Secondly, Netflix isn’t expected to carry every television show that’s ever been created in its catalog. For instance, I subscribe to Netflix, Hulu, and Amazon, and I’m perfectly fine with the fact that Netflix doesn’t have episodes of Broad City while Hulu does. This gives Netflix plenty of negotiating power; if a TV network refuses to budge on price, Netflix can walk away. Spotify doesn’t have this luxury; consumers expect any streaming service to contain the entire music library of every song in existence. When Spotify is negotiating with a music label, both sides are aware that it needs that label’s content in order to remain a viable option for consumers.

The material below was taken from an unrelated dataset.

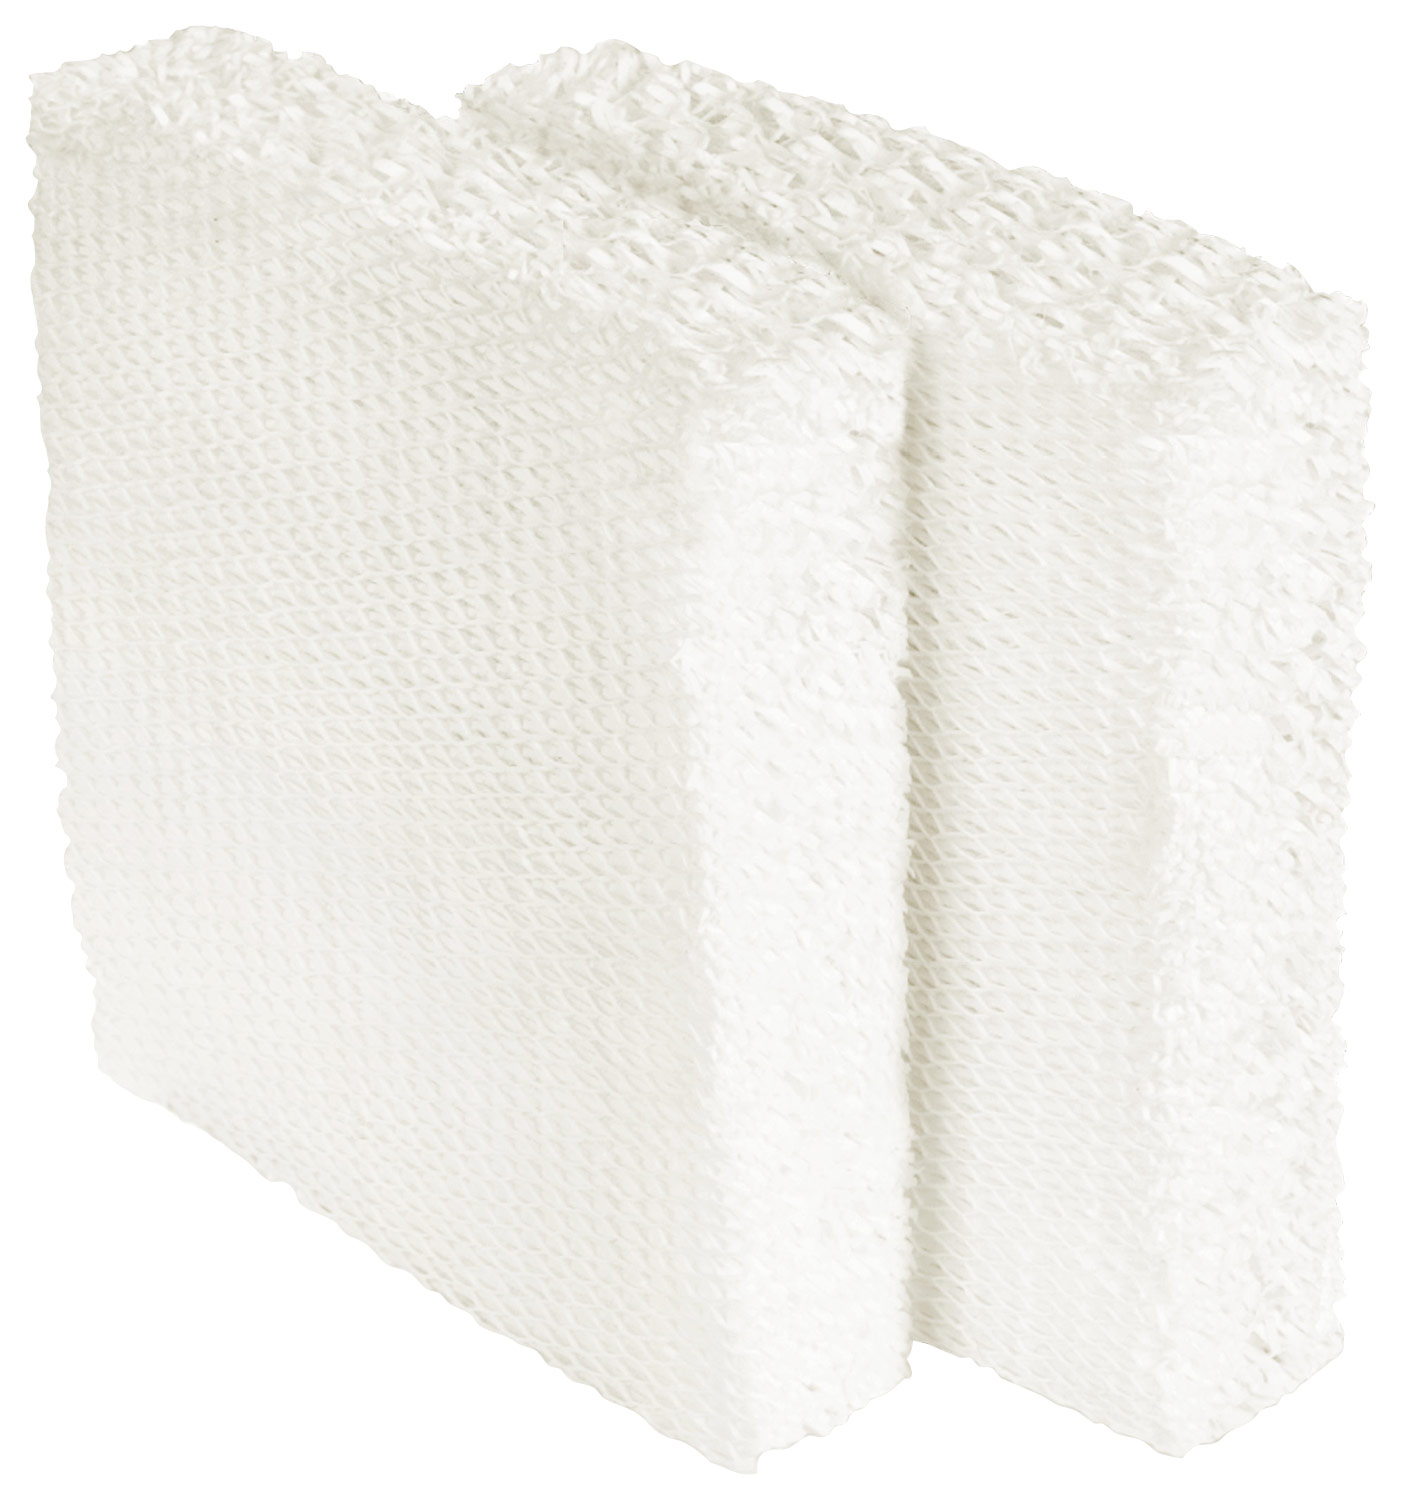 Wick Filters for Vornadobaby Huey Evaporative Humidifiers (2-Pack)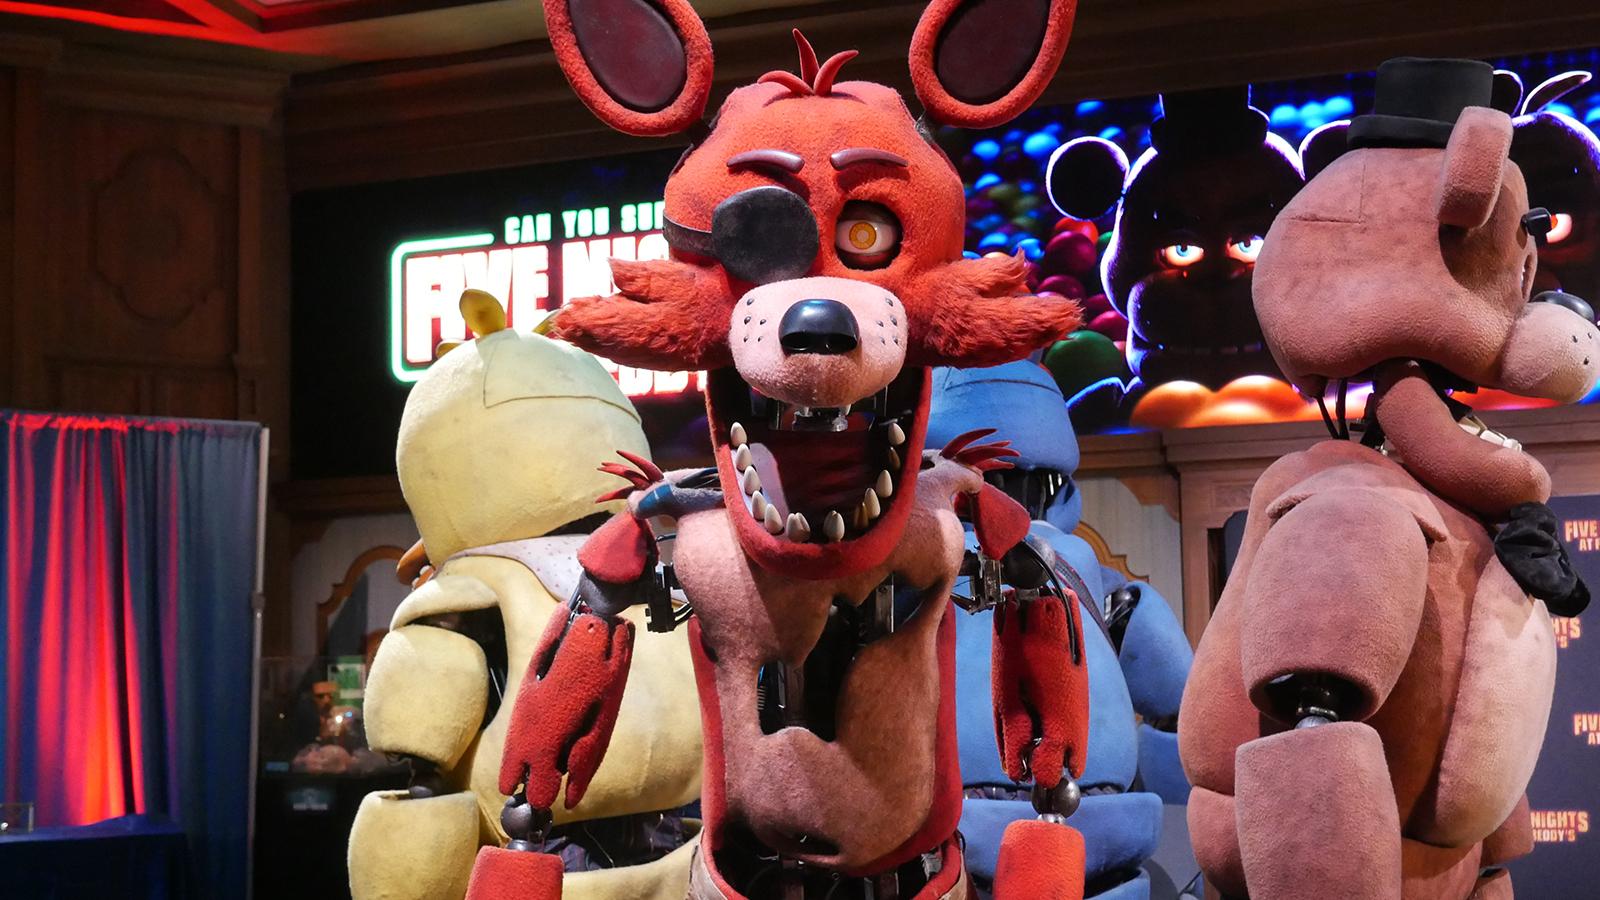 is there a lore reason foxy's sign says it's me? (Credit u

But perhaps the most important difference between Netflix and Spotify is that Netflix recognized long ago that the streaming space was only going to get more crowded (and would include streaming apps launched by the very TV networks from which it was licensing content), and so it started shifting more and more of its budget to producing its own content, producing early shows like House of Cards and Orange is the New Black. Recently, an executive claimed that Netflix will have 700 original programs on its platform by the end of 2018. In 2013, chief content officer Ted Sarandos famously said that “the goal is to become HBO faster than HBO can become us.”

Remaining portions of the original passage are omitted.